◆ **Aim of the task**
The data that follows must be transcribed in full and exactly, minus the pictures.

◆ **Information shown**
-=-=-

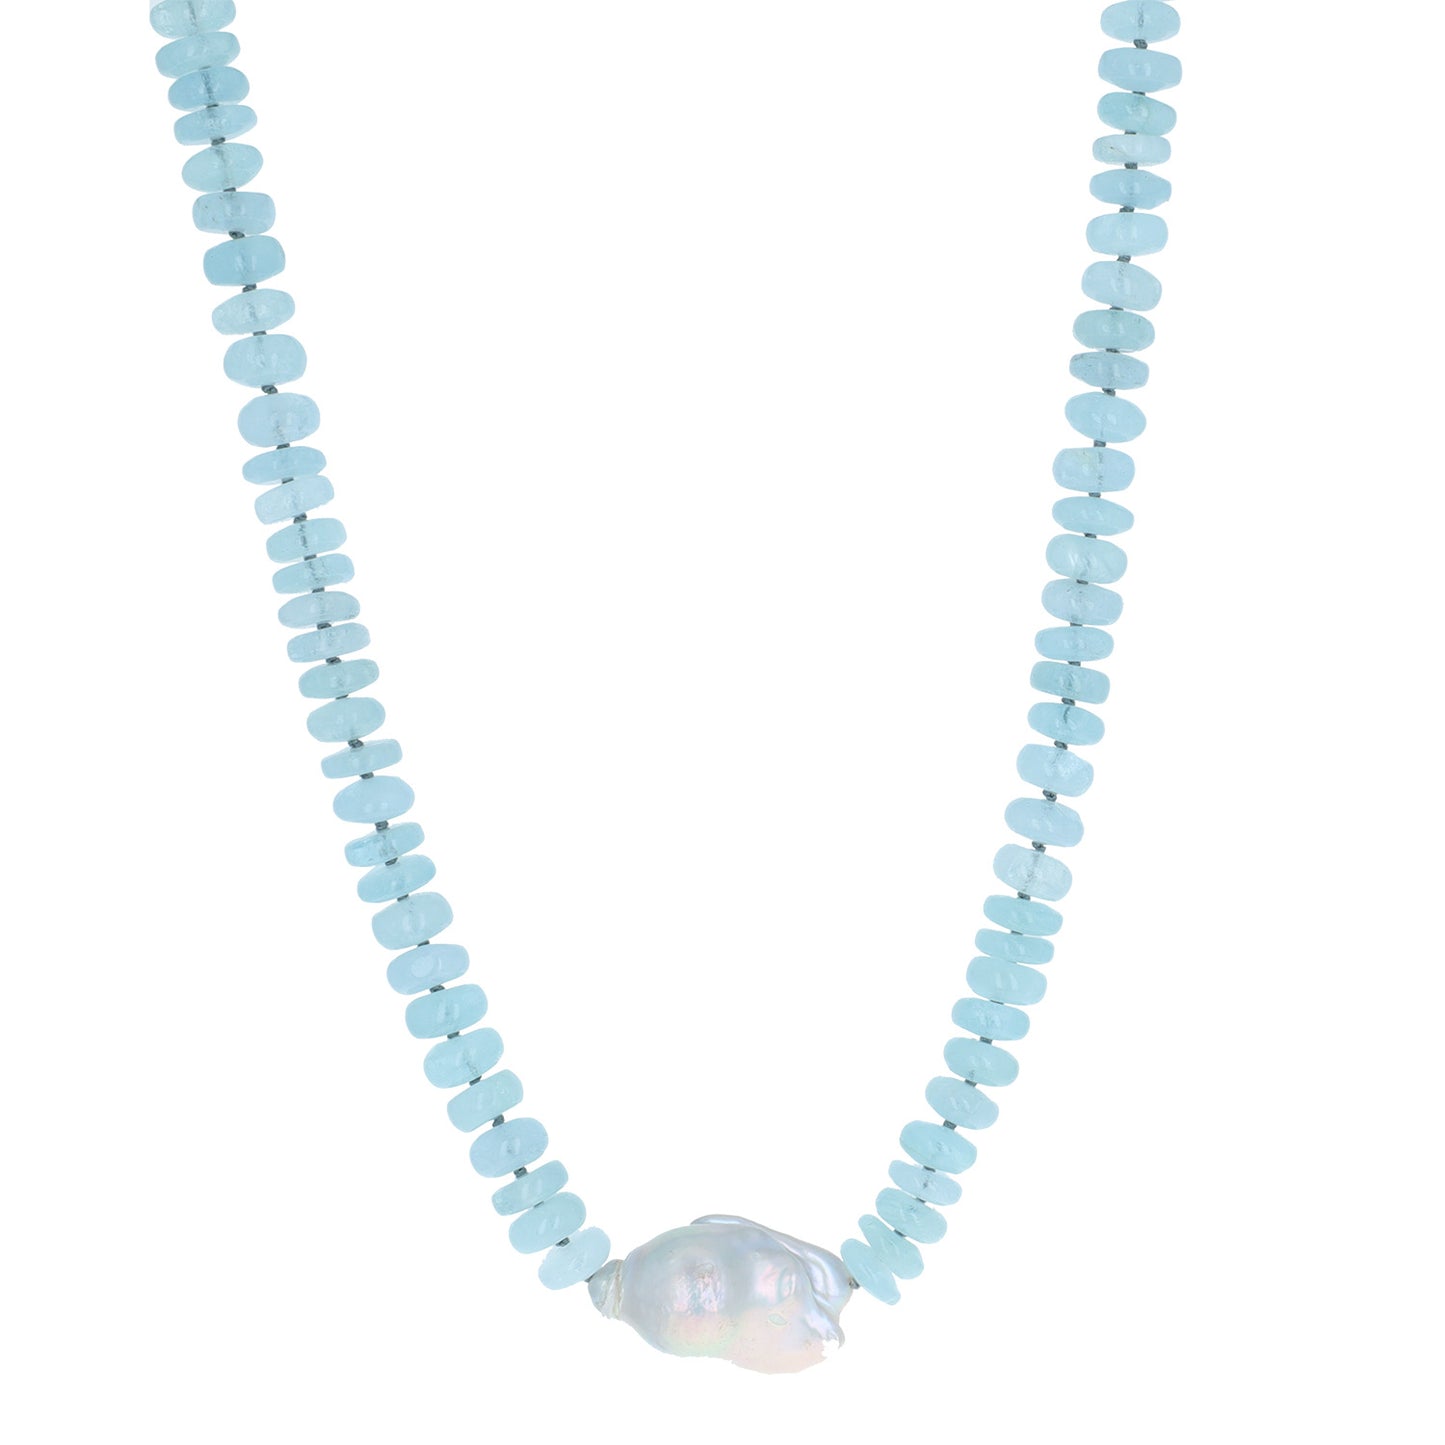 Aquamarine and Baroque Pearl Necklace
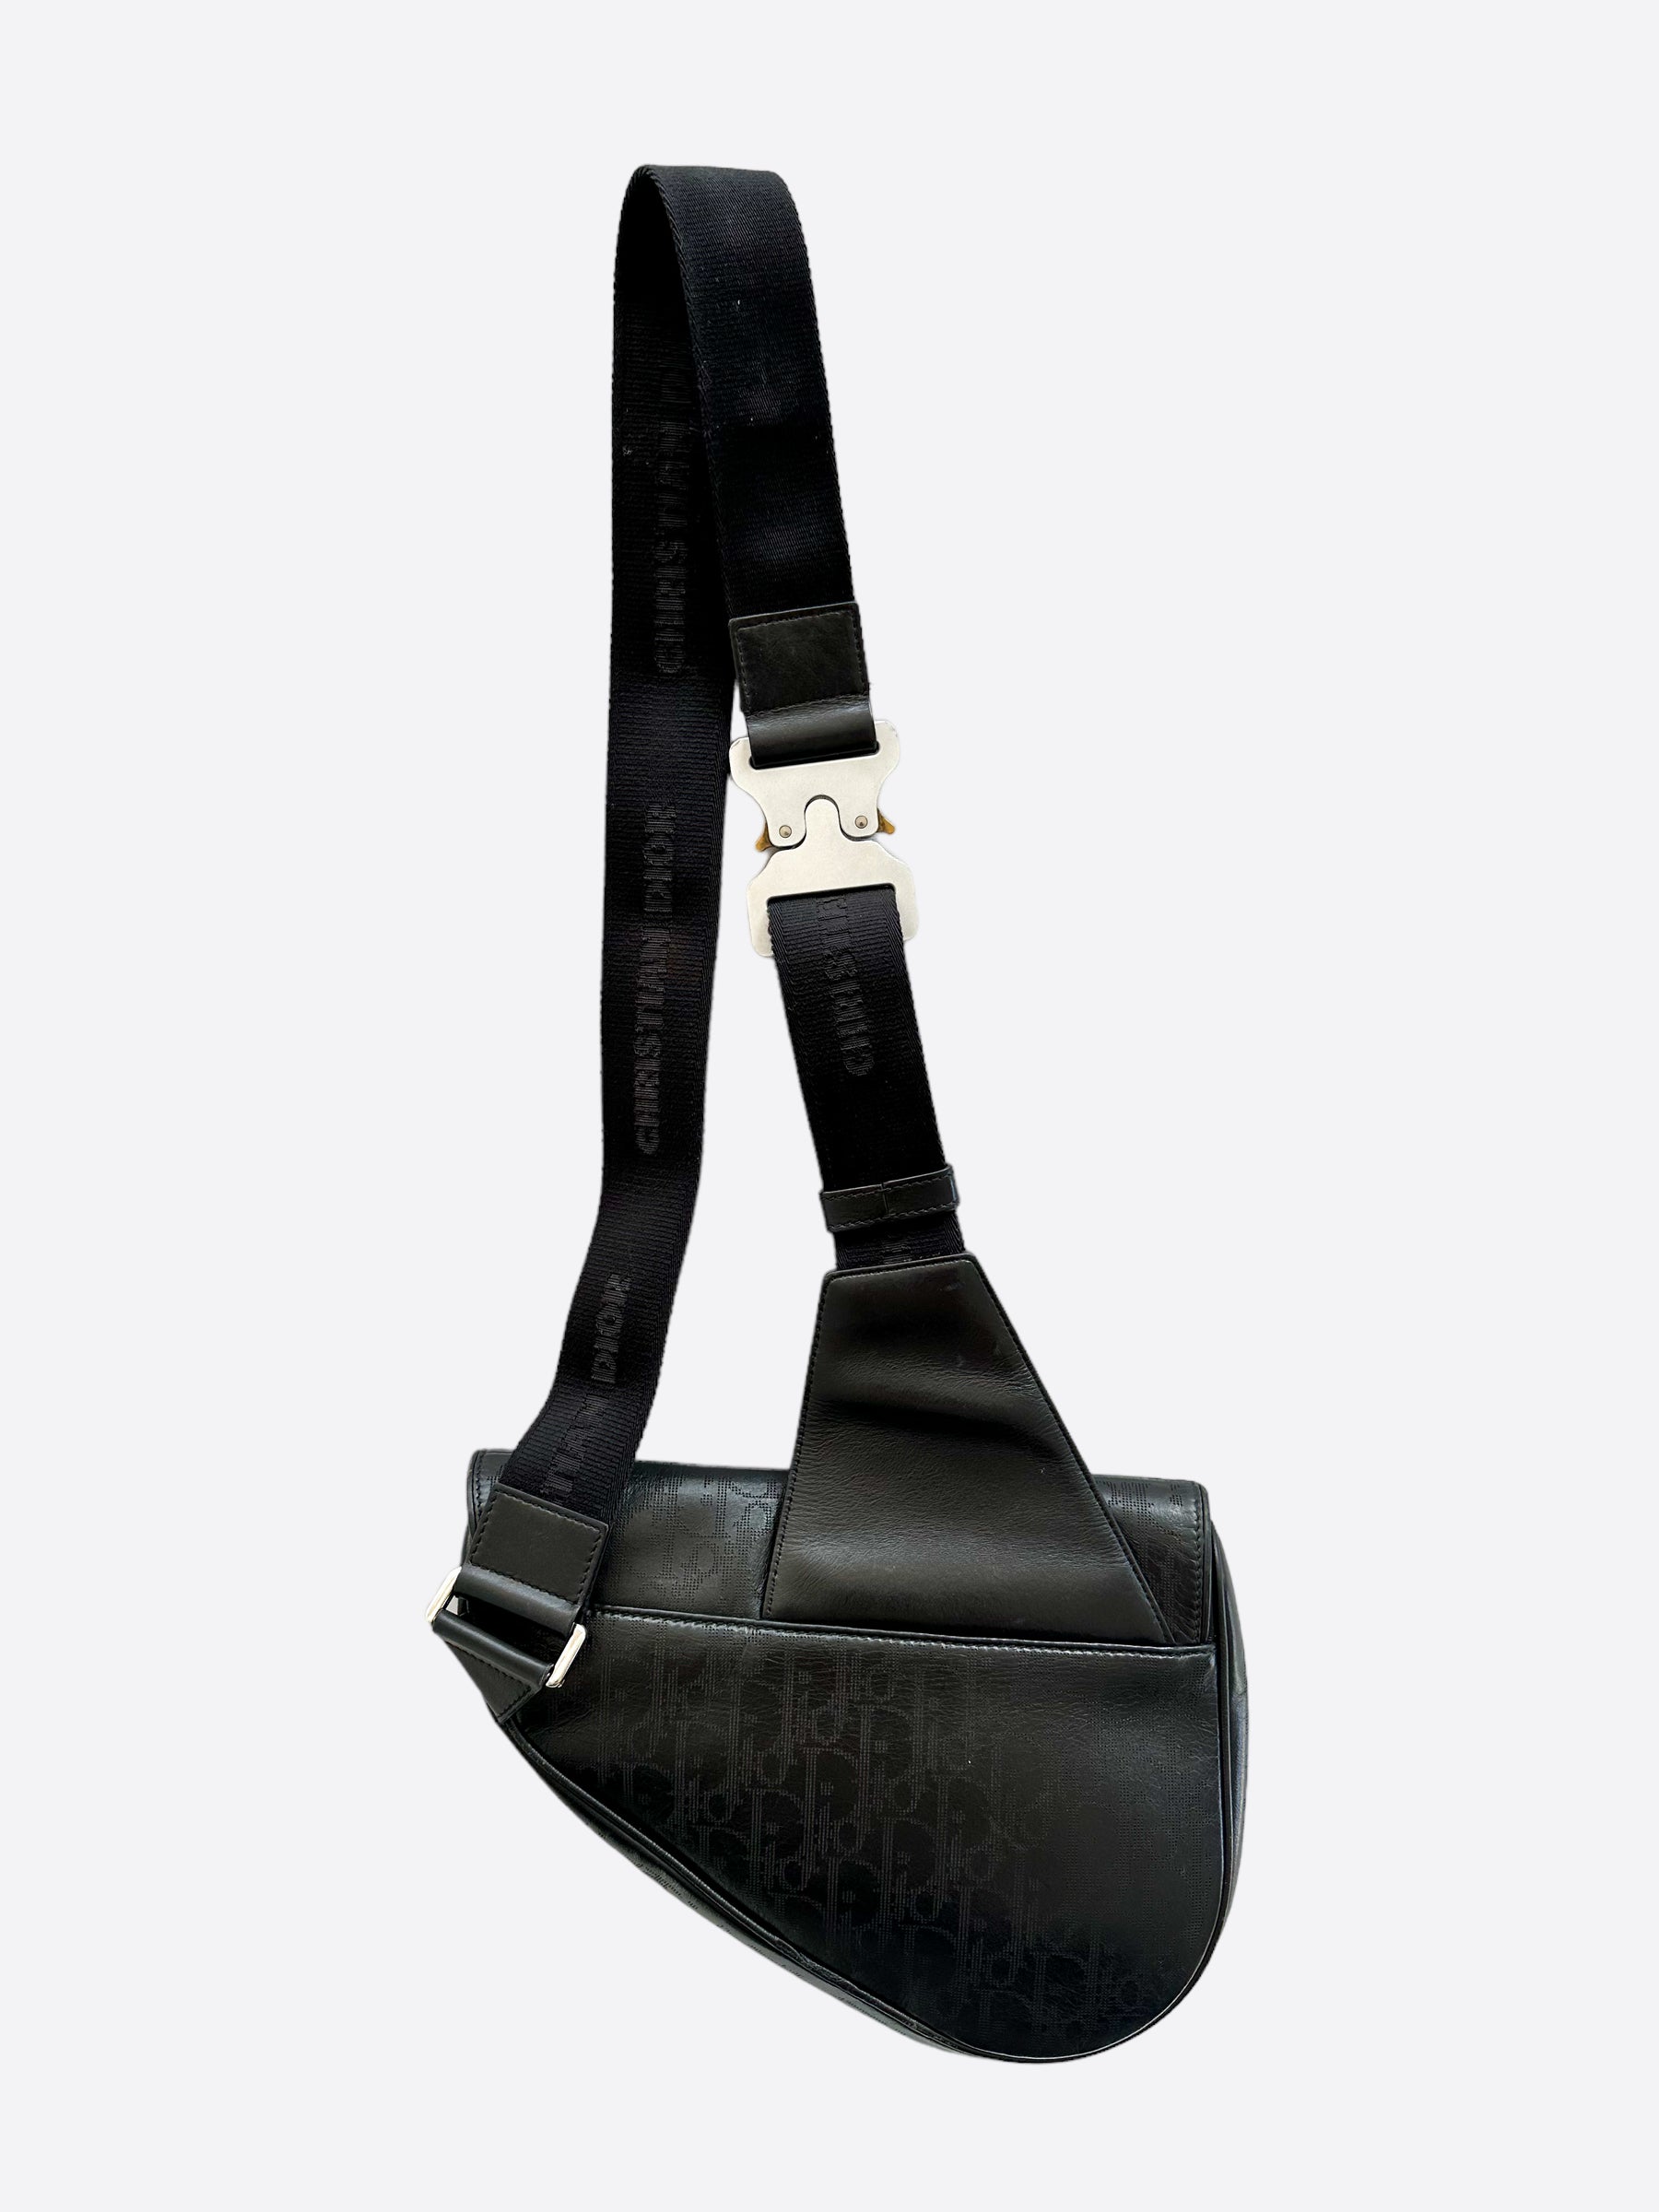 DIOR Saddle Bag Black Dior Oblique Galaxy Leather - Men
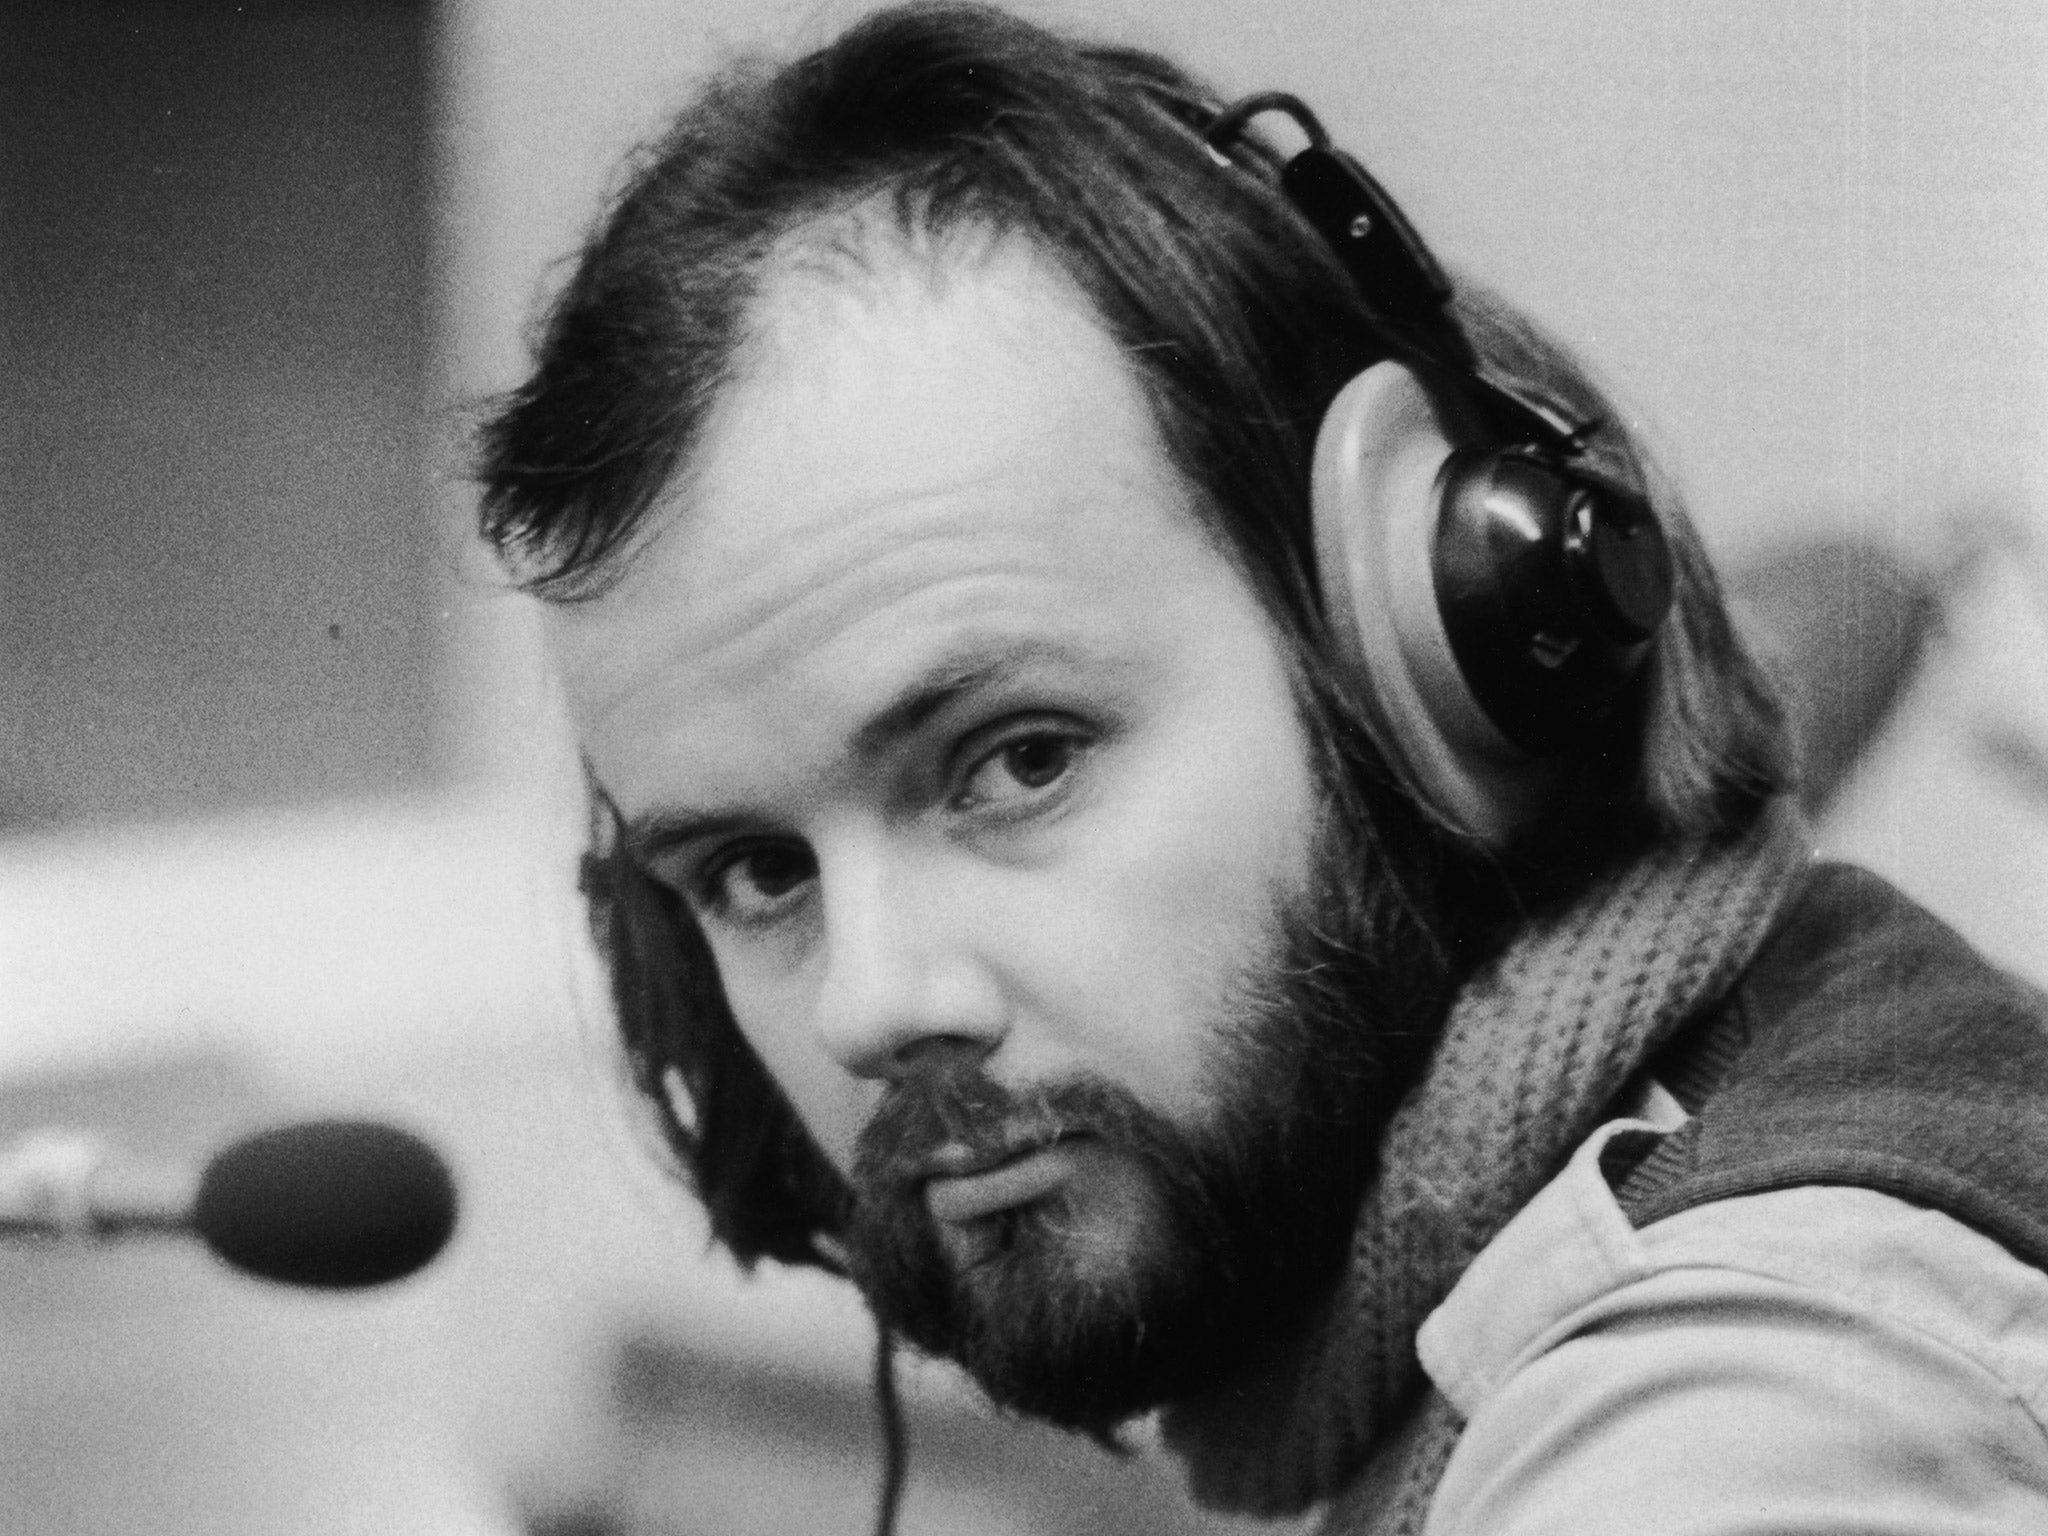 John Peel, former Radio 1 DJ and pioneering champion of alternative music, in 1972

-=-=-

◆ **Exercise answer**
 Aquamarine and Baroque Pearl Necklace
 DIOR Saddle Bag Black Dior Oblique Galaxy Leather - Men
 John Peel, former Radio 1 DJ and pioneering champion of alternative music, in 1972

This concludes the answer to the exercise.